Leave out every picture and set down, exactly, the lines below from the one holding "Transformers: Decepticons" up to and including the one holding "Schweiz, Landwirtschaftl, Ausstellung-Exposition".

*Recorded data*:
'''
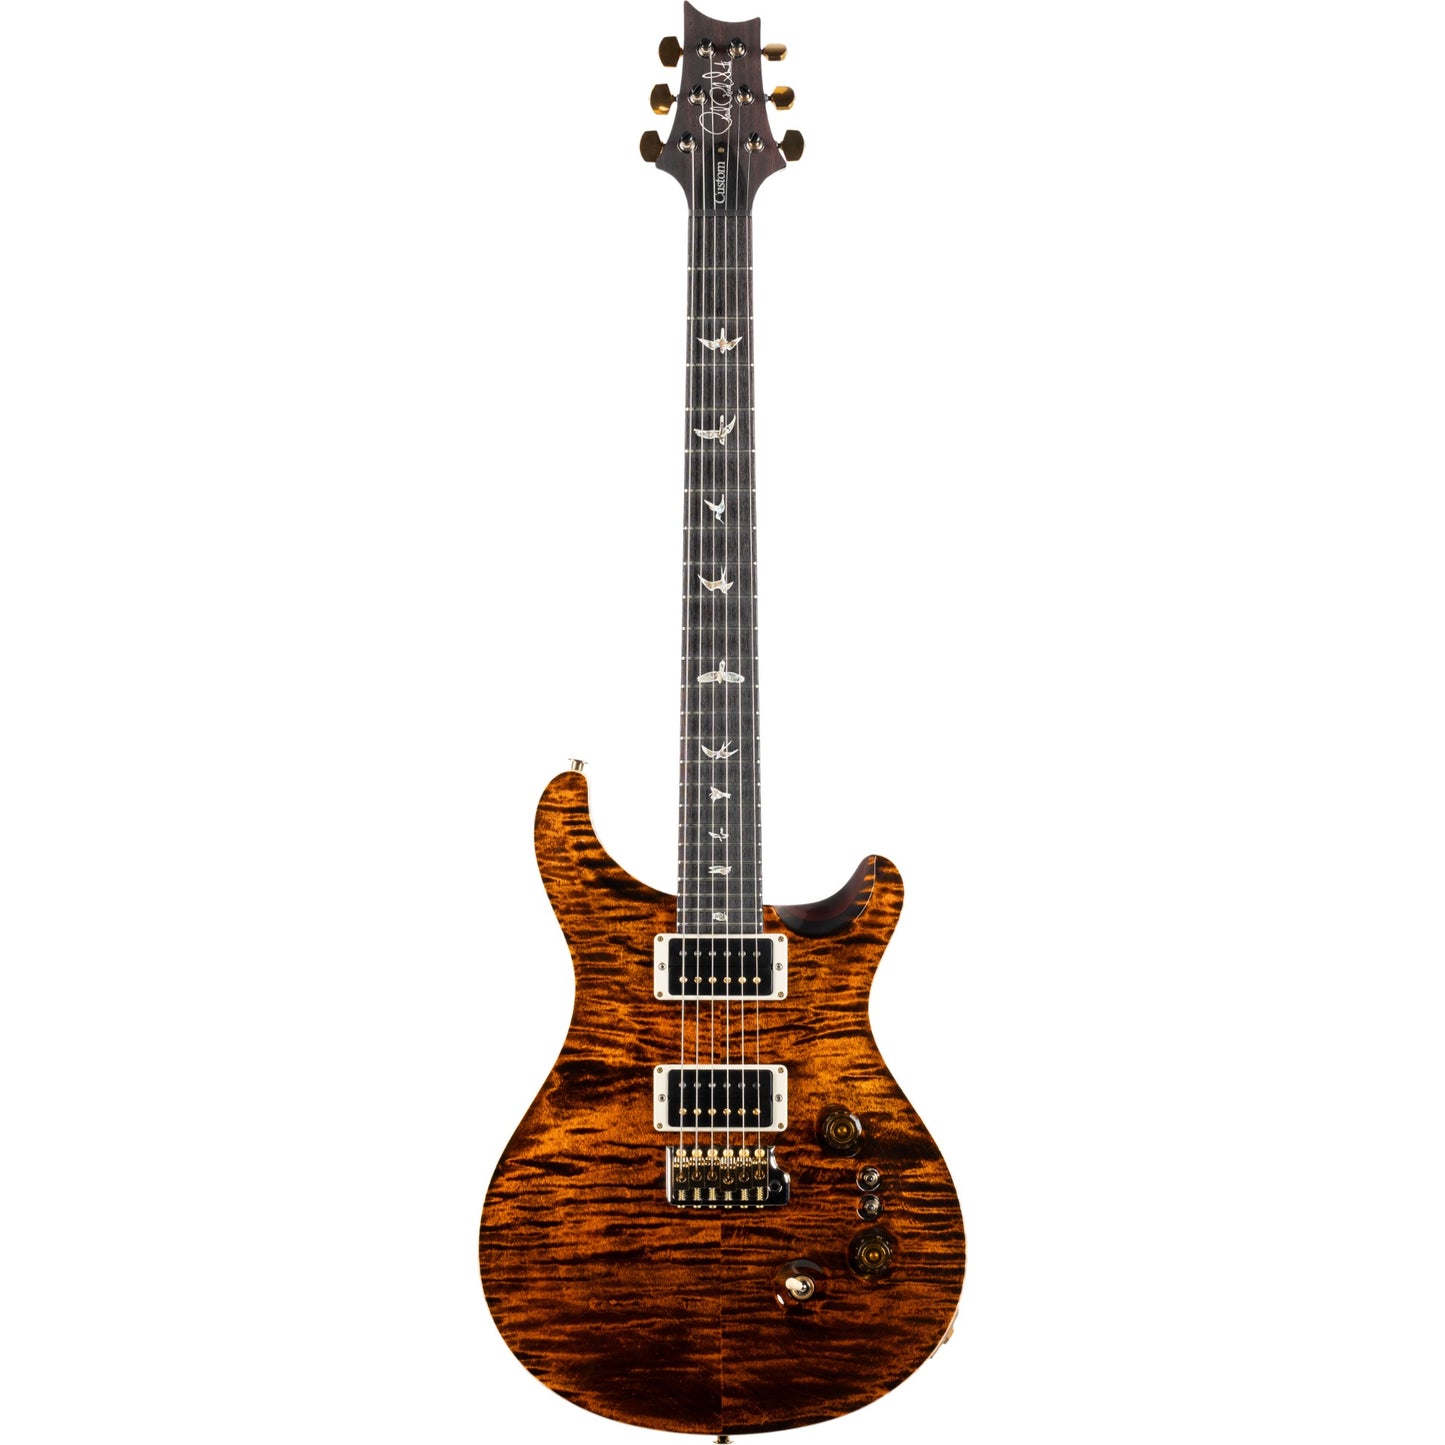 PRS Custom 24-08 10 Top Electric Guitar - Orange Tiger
'''
'''
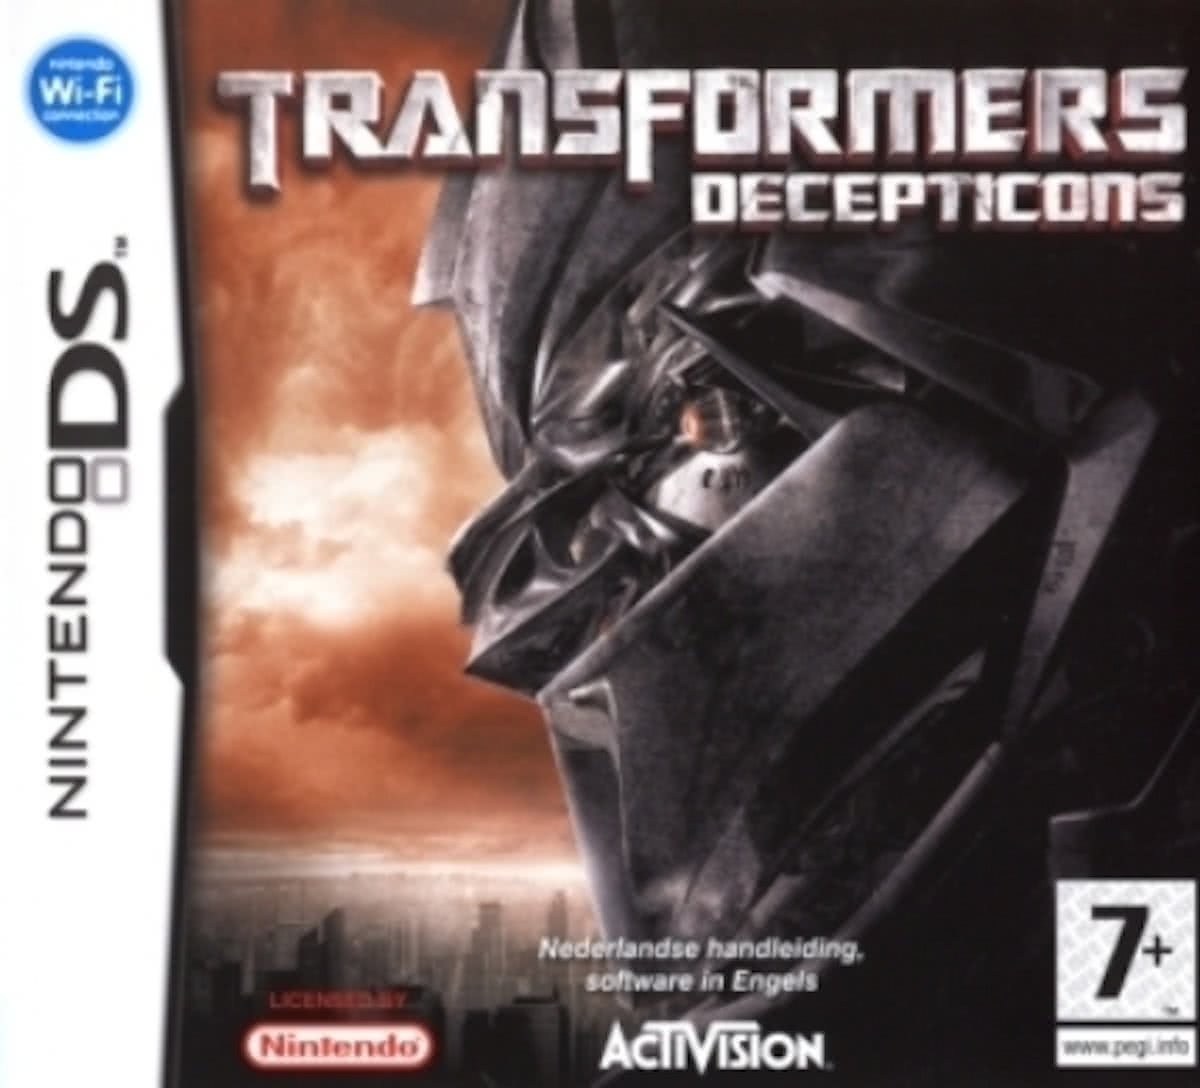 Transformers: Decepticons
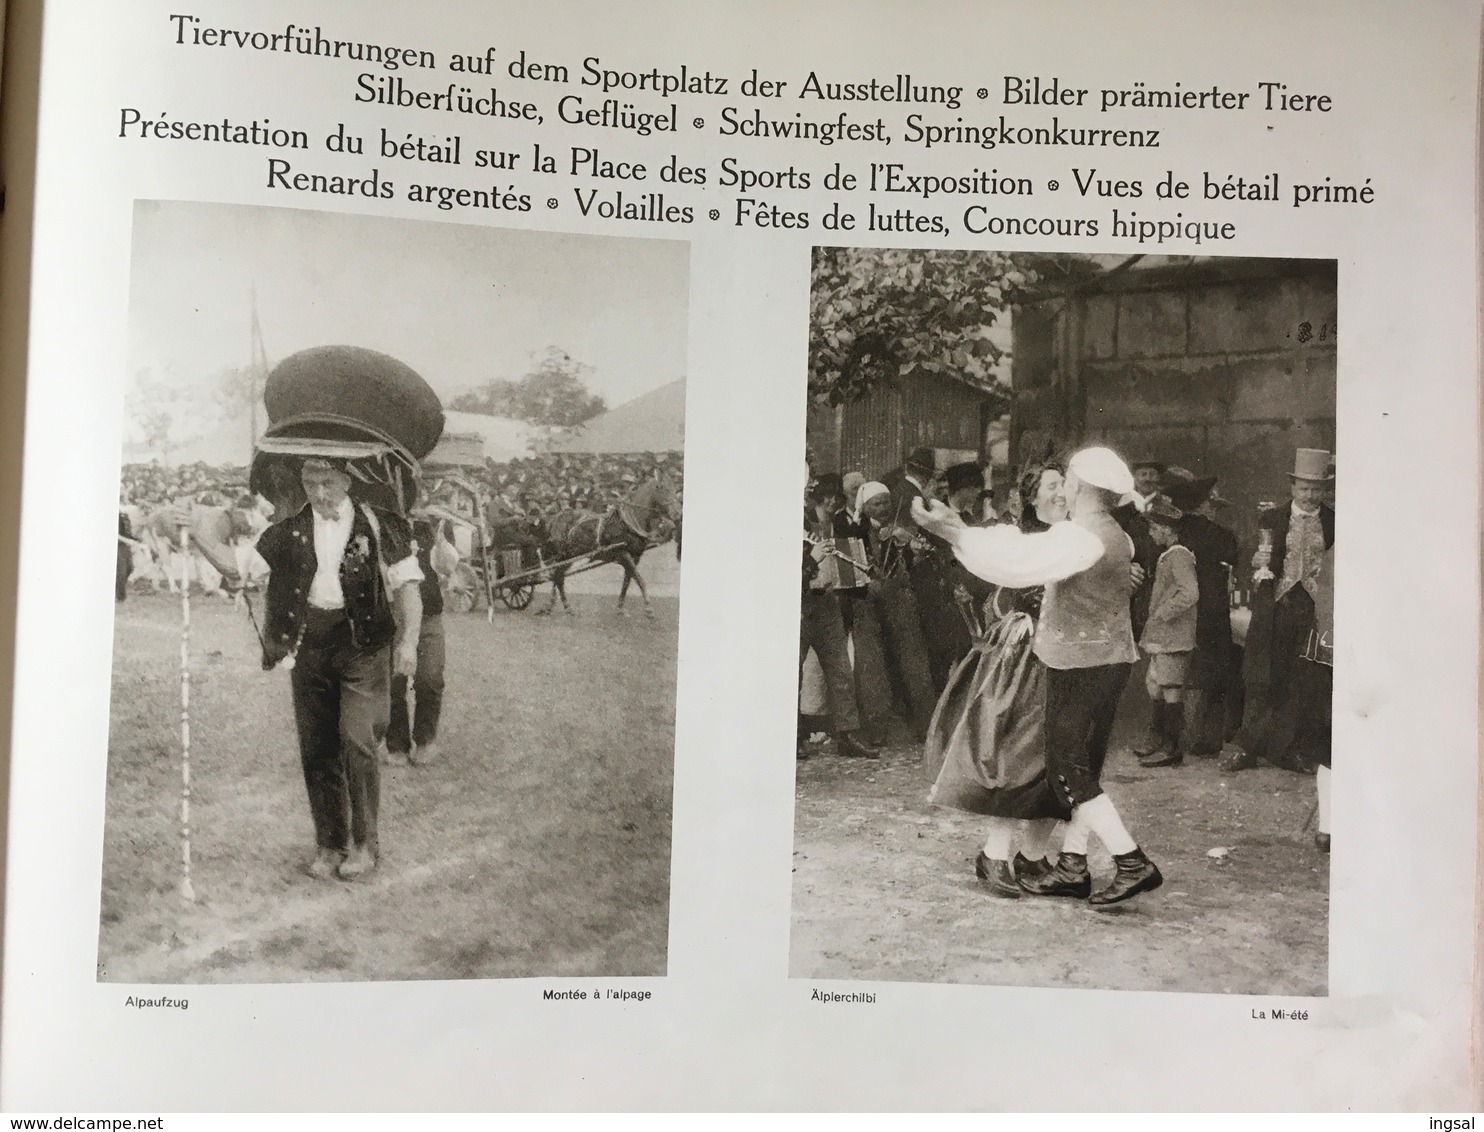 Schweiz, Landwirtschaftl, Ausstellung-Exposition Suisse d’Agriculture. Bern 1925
'''
'''
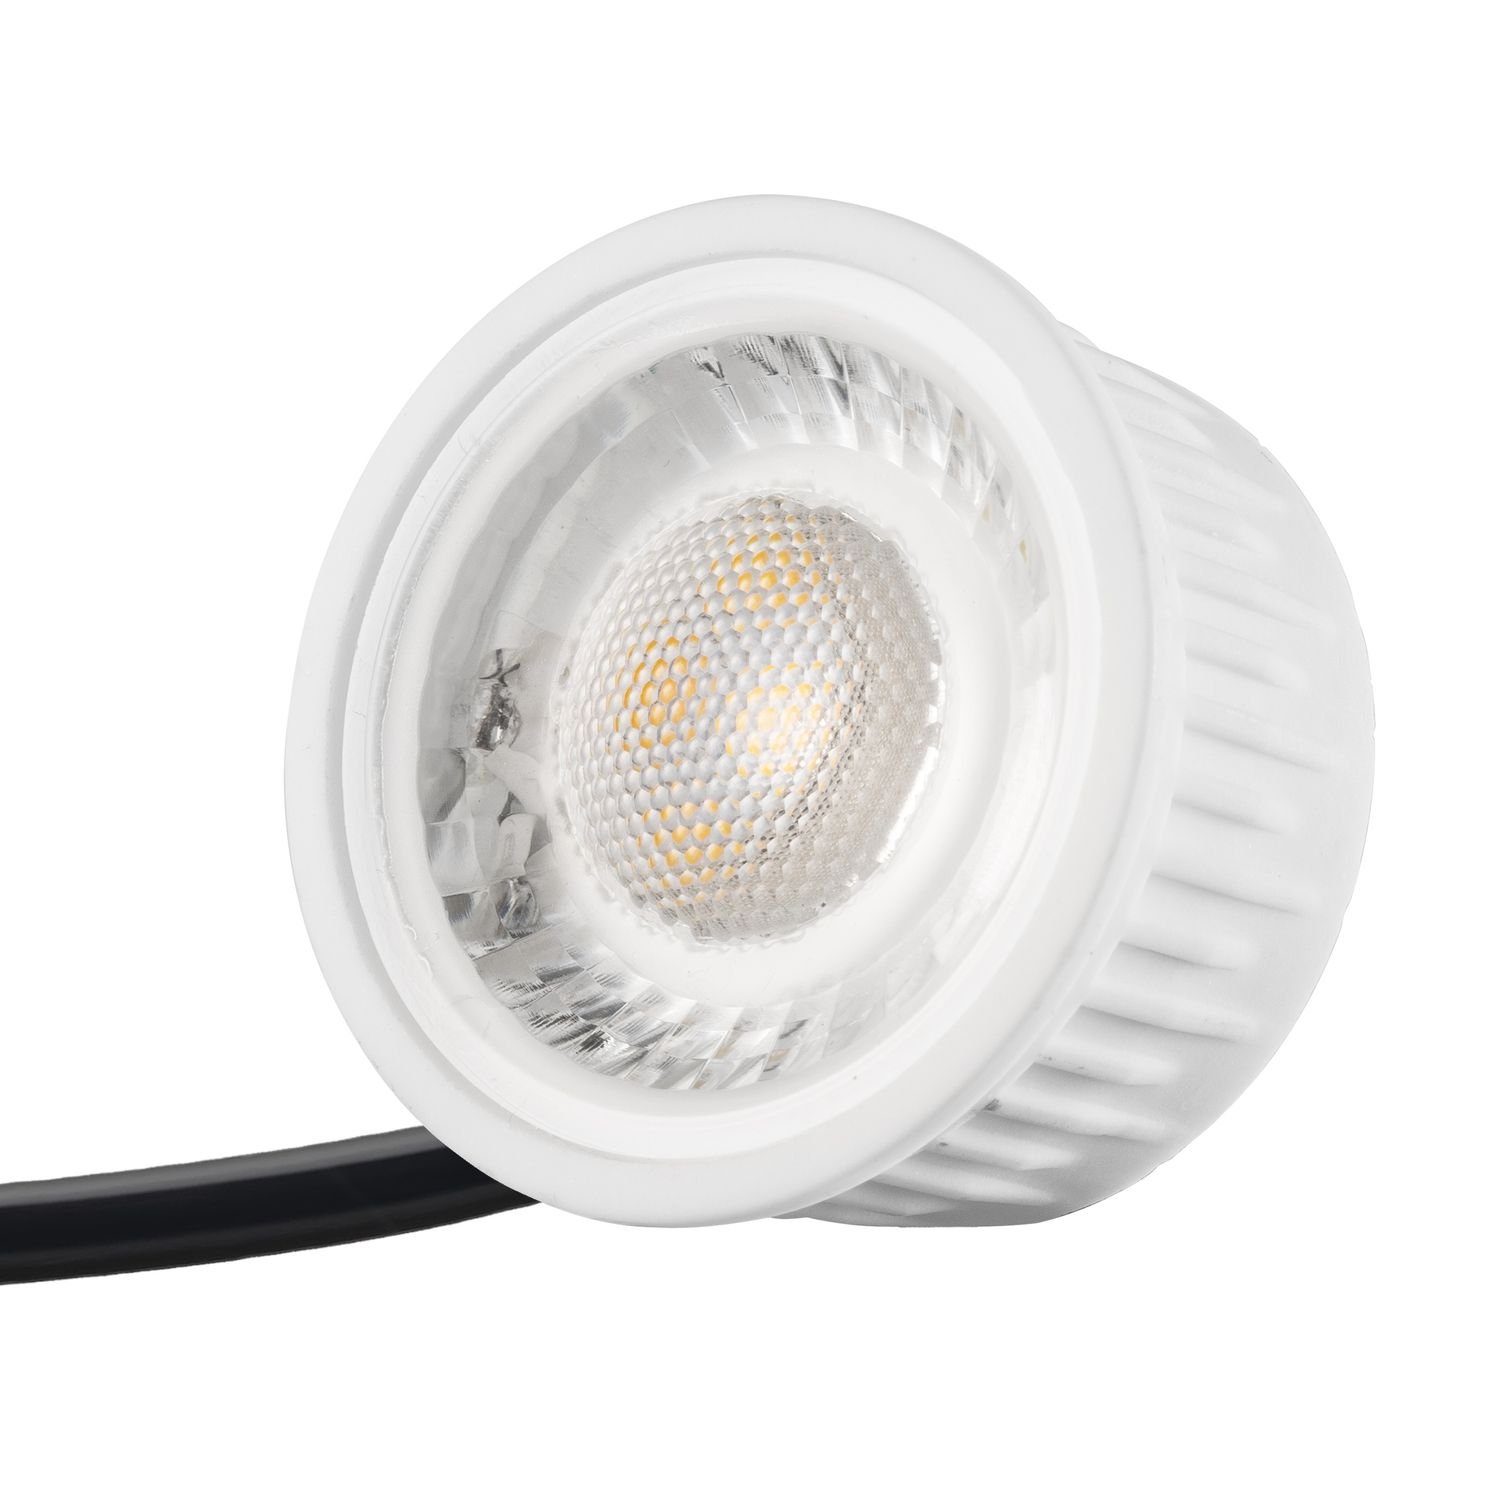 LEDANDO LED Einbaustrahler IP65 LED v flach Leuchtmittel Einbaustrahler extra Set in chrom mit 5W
'''
*Response for this exercise*:
 Transformers: Decepticons
 Schweiz, Landwirtschaftl, Ausstellung-Exposition Suisse d’Agriculture. Bern 1925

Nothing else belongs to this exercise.